Task item: In the records below, begin at the line containing "Columbia CSC Basic" and end at the line containing "Topaz and Citrine stones"; quote every line in that span exactly, including both boundary lines, and no others.

Excerpted data:
□ □ □

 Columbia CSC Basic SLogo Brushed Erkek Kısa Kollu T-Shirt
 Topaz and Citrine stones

□ □ □

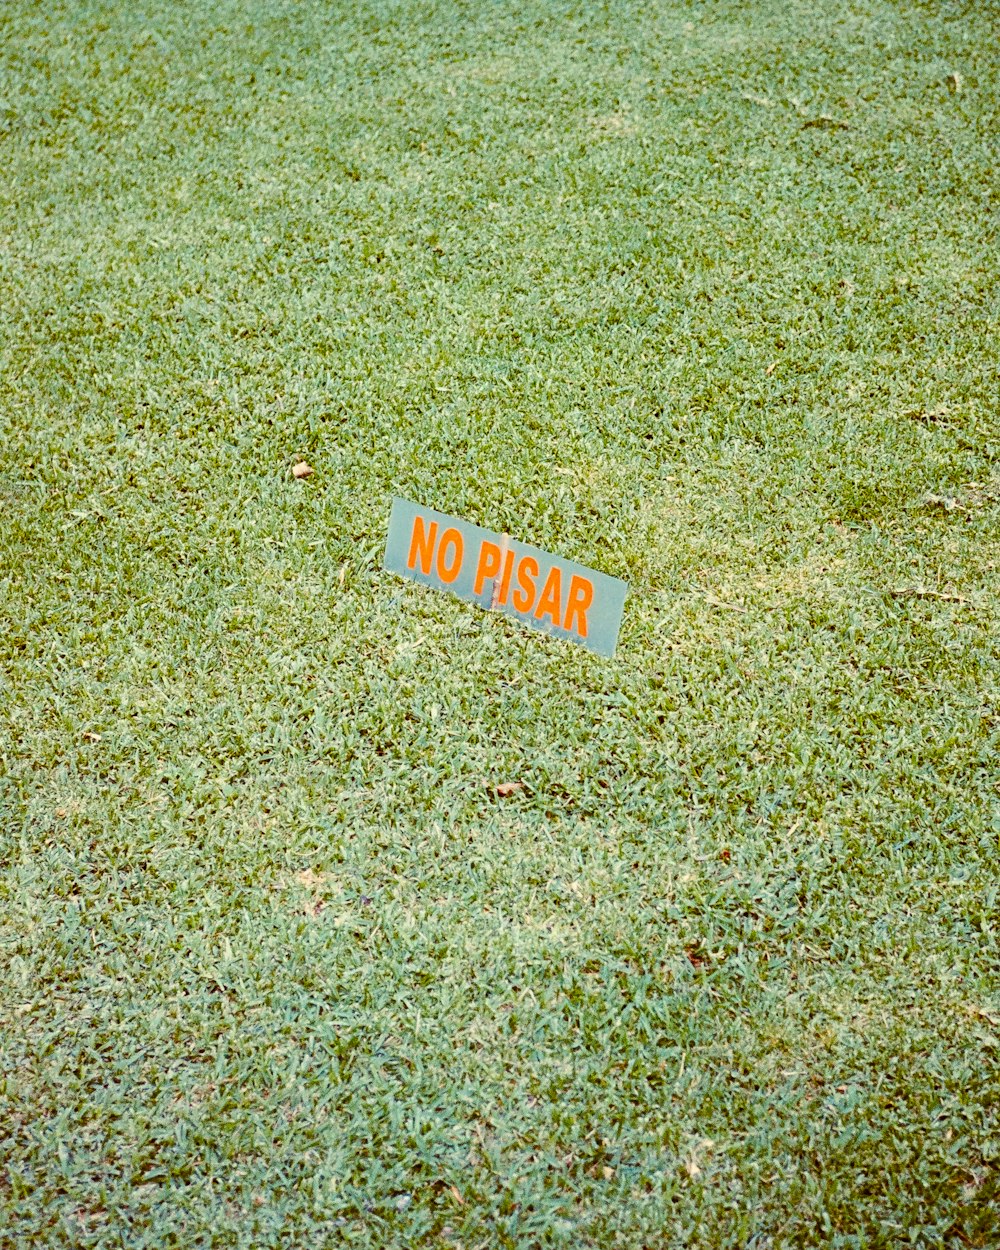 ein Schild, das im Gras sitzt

□ □ □

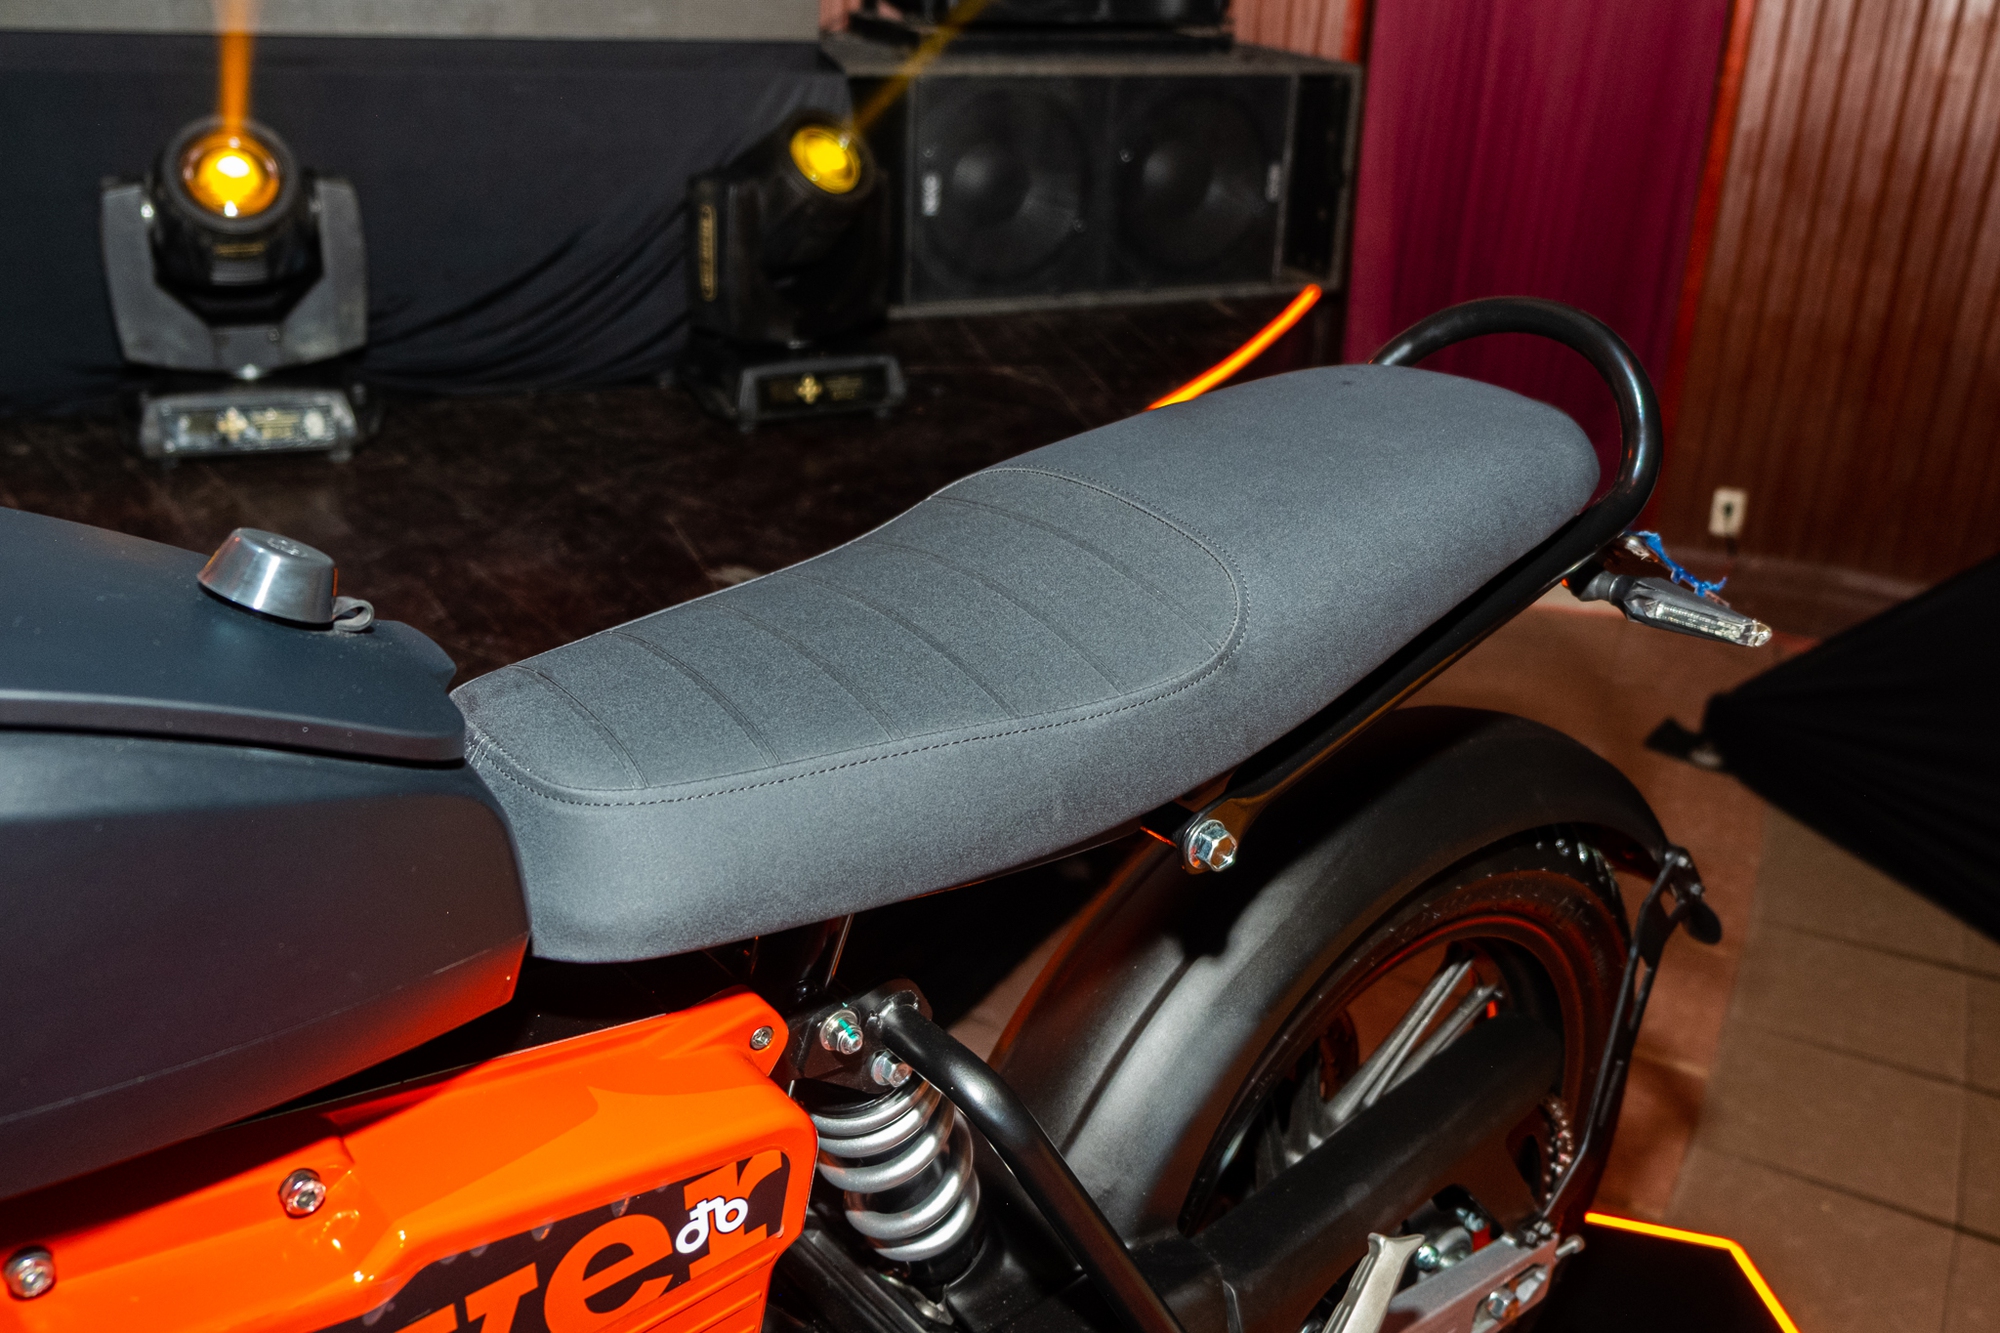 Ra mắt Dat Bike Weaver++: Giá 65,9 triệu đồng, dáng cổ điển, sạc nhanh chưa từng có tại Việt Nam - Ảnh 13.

□ □ □

Completed task:
 Columbia CSC Basic SLogo Brushed Erkek Kısa Kollu T-Shirt
 Topaz and Citrine stones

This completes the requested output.